主にフィクションの世界において、主人公がアパートや賃貸マンションに住んでいると一定の確率で出現する「カレーを作りすぎてしまって……」とお裾分けをしてくる超絶美人の隣人。あの、何かと作りすぎてしまう分量を測るのが下手すぎる隣人がいたら、人生は今よりもっと豊かになると思うのです。
その日は、最寄りのコンビニで店長の誤発注が発覚し、一生分のストロングゼロが溢れんばかりに店頭に売られていた日でありました(あ、妄想、すでに始まってますよ)。

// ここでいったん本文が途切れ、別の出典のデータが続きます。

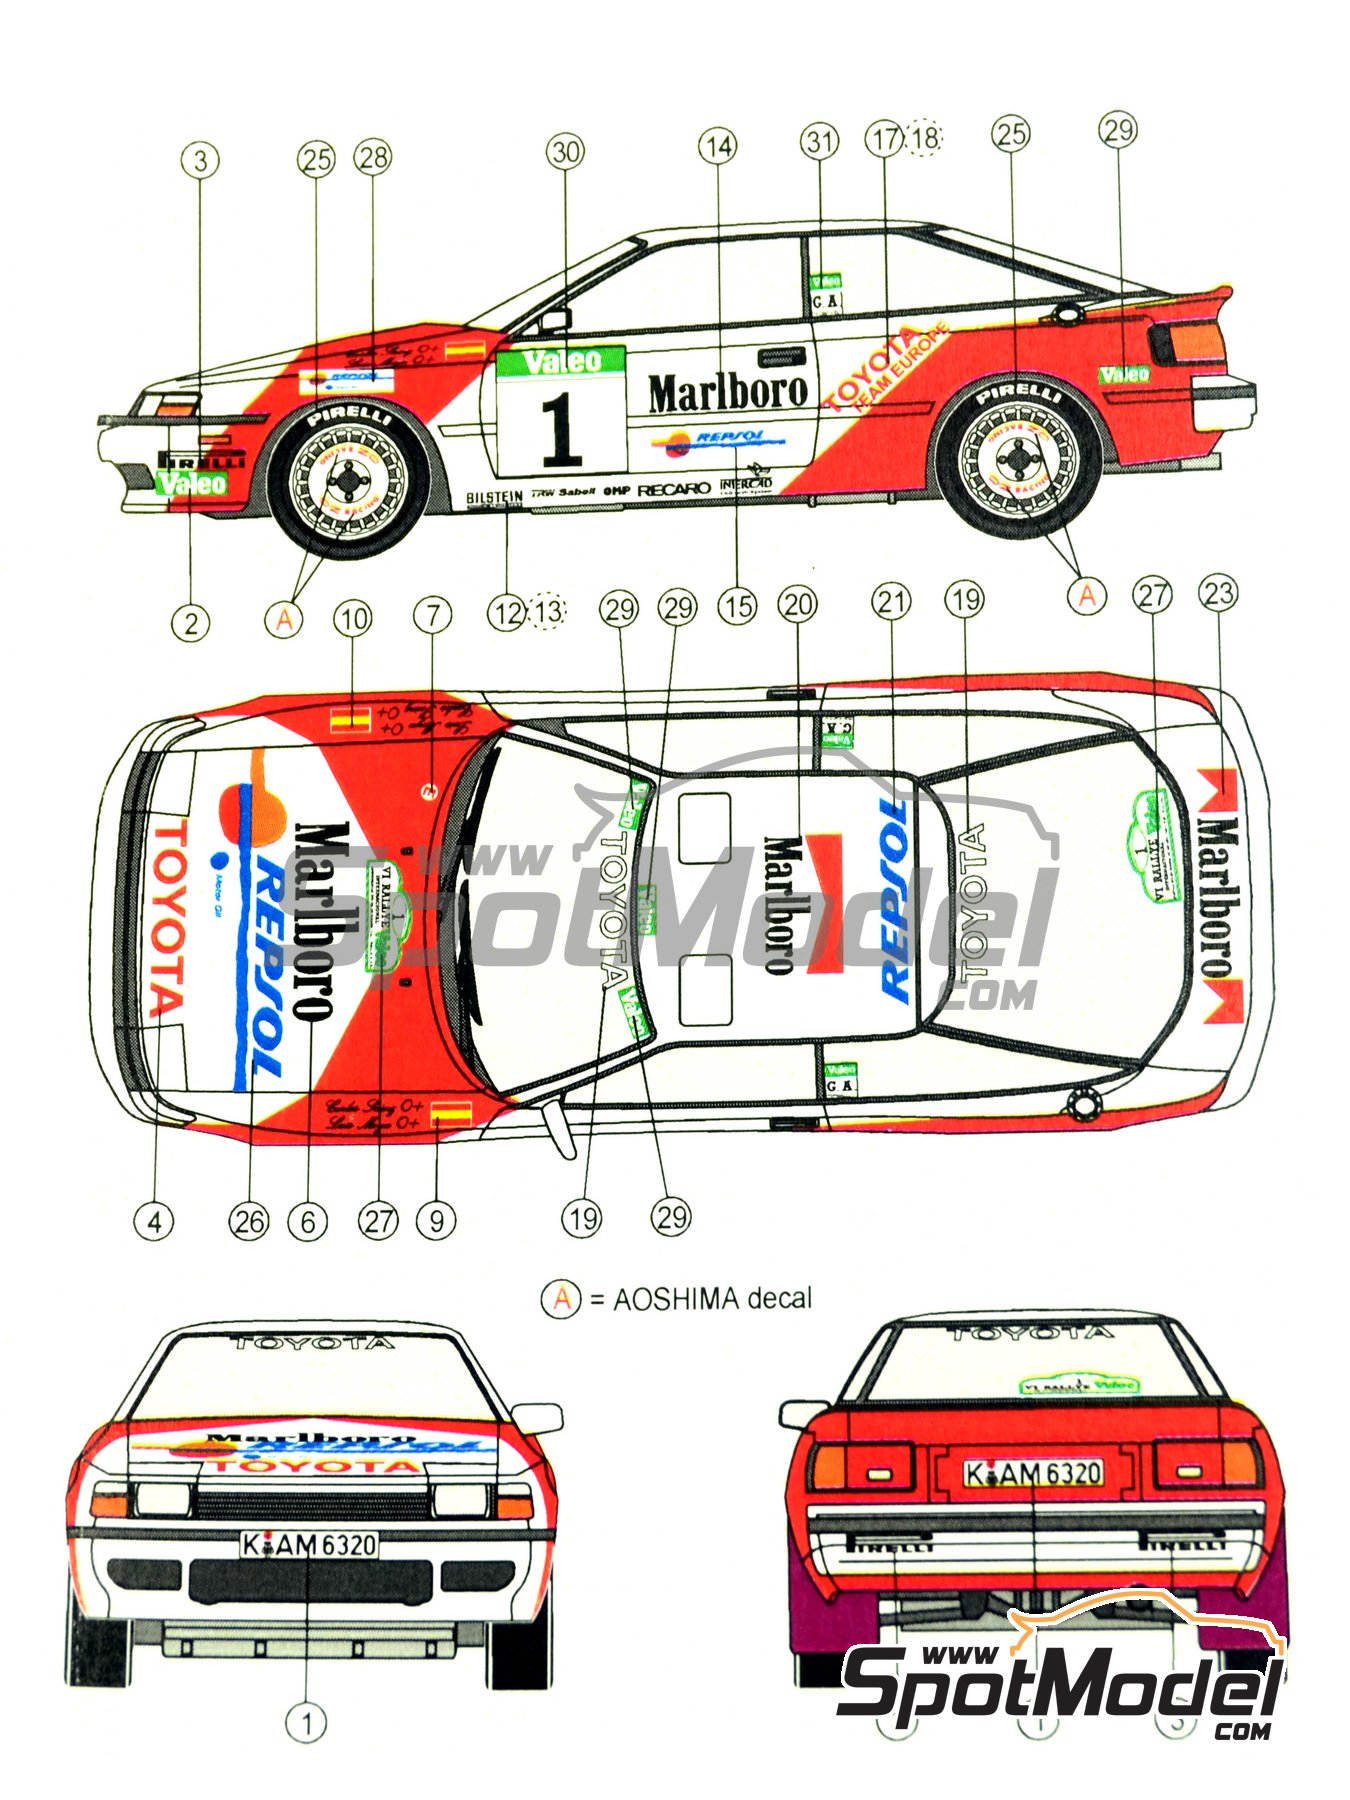 Toyota Celica GT-Four ST165 Marlboro - El Corte Ingles Rally , Valeo Rally 1989 | Marking / livery in 1/24 scale manufactured by Reji Model (ref.REJI-185) image

近所に住むお客さんは心優しい人が多く、「こんなにストゼロがあったんじゃあ大変だ」と、一人10本以上のまとめ買いを積極的に行い、レジ袋をストロングゼロでパンパンにして帰っていく姿が後を断ちませんでした。
そんなストゼロ列の中でも一際目立っていたのが、コンビニのかご二つ分にストロングゼロをぎっしり詰め込んでいる女性の姿でした。

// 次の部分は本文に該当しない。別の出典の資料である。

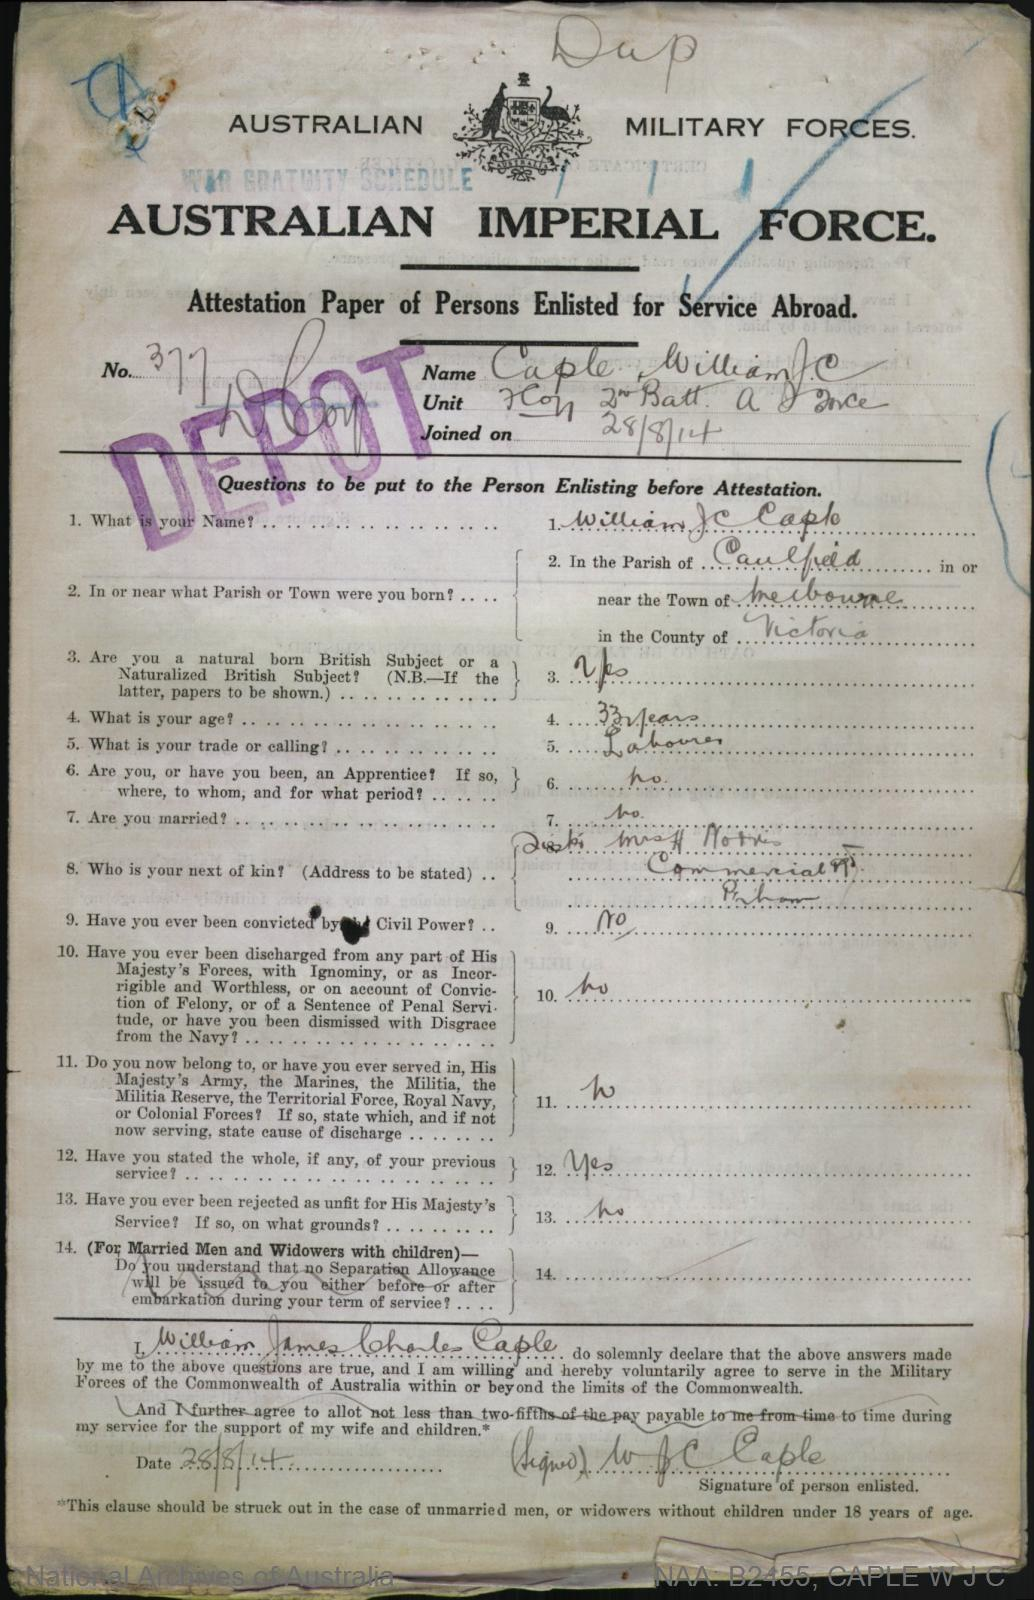 Caple William James Charles : SERN DEPOT 377 : POB Melbourne VIC : POE Randwick NSW : NOK S Norris H

(あれ? あの女性はもしや、作りすぎてしまうお隣さん……?)
あまりに可憐な横顔と信じられない量のストロングゼロ。天国と地獄みたいな対比に釘付けにされていると、彼女はこちらに気付いて、少し恥ずかしそうな笑顔を浮かべながら僕にそっと会釈をしました。その笑顔をアルコール度数に変えるなら9%どころの騒ぎじゃない。テキーラをショットで五連続流し込んだような衝撃が脳内をガンガンと揺らし、そして気づけば、コンビニを出てアパートに戻ろうとしているお隣さんに、僕は話しかけていたのでした。
「すっごい量、買いましたね」
先ほどからお隣さんは、コンビニ袋からこぼれ落ちていくロング缶に気付かず、道にストロングゼロをボトボトと落としながら進んでいました。なんて恐ろしいグリム童話。ヘンゼルとグレーテルもびっくり。僕はそれを一つ一つ拾い上げて、彼女のコンビニ袋に戻してあげました。

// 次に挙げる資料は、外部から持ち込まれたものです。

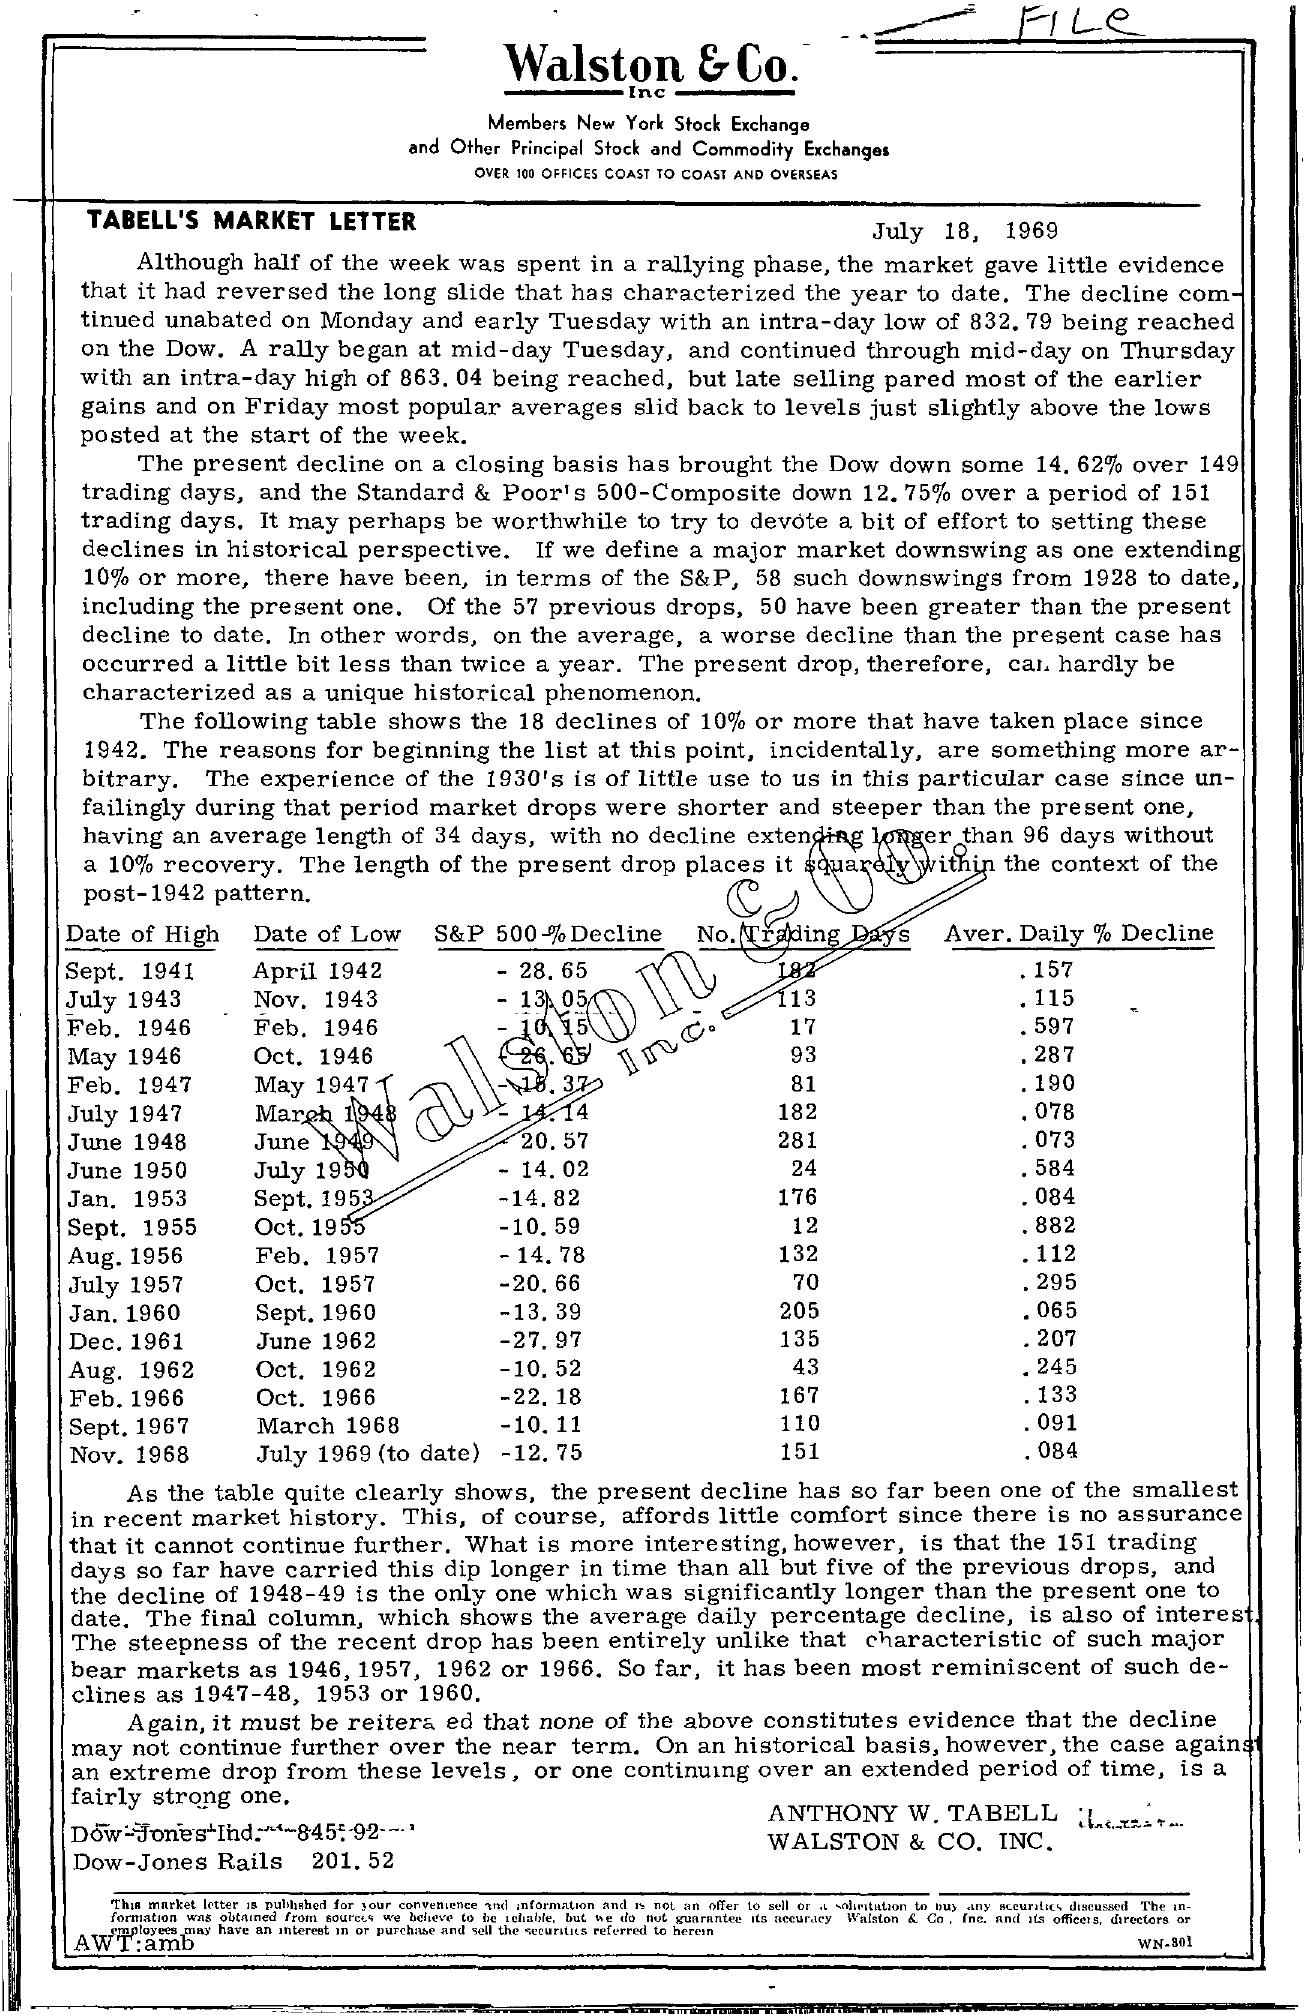 Tabell's Market Letter - July 18, 1969

「あっ、すみません、気付かなくて。いやあ、あの店長さん、すごくいい人そうじゃないですか? だからちょっと、協力したくなって。ほら、私も、つい作りすぎちゃうところがあるから」
なんだこの天使。僕はその場でロング缶を一気飲みしたくなる衝動を堪えて、冷静を装いました。
「でも、こんなに買っても置き場所とか困りませんか? そんなに飲まれるんですか?」
「ああ、それが、実はあんまり一人では飲まなくて……。あの、よかったらこの後、一緒にどうですか? ちょうど、梅水晶を作りすぎてしまったところで」
「梅水晶って作りすぎることあります?」
さすがは作りすぎてしまう隣人。彼女は一度部屋に戻ると、小さめのバランスボールくらいの量の梅水晶を抱えて、僕の部屋に上がってきました。
「わ、相変わらず綺麗な部屋。私の家と全然違う……」
妄想だからこのくらいのことは言ってもらいたいですよね。
「いやいや、急いで片付けただけなので。それにしても、すごい量ですね」
「家には、この3倍あって」
「3倍の梅水晶!?」
そりゃあ、あの量のストロングゼロを買い込みたくもなりますわ。僕は彼女の購買理由にひどく納得しながら、ドカンとテーブルの中央に置かれた梅水晶を可憐なる隣人とつまみ始めました。
「あ、乾杯、しましょっか」
「お、そうですね。せっかく買いましたし」
こうして買ったばかりのストロングゼロで乾杯すると、僕らは目の前に積まれた梅水晶を黙々と消化していきました。彼女の頬はほんのりと赤くなり、僕は足の先まで真っ赤でどうにもならなくなっていました。「私、恋人がいるんですけど」なんて突然の恋バナトークにもさらりと耳を傾けて、じゃあこの状況は一体なんなんだと、酔っ払った頭でぼんやり考えながら、朦朧としていく意識と闘っていました。 そして翌朝、二日酔いの頭痛で起きてみると、テーブルの上には半分程度に減った梅水晶と「ありがとうございました。また、何かお裾分けさせてください」ときったない字で書かれたメモが置いてあるのです。そう、このくらい。このくらい雑でちょうどいい出来事が、来世あたりで起こりますように。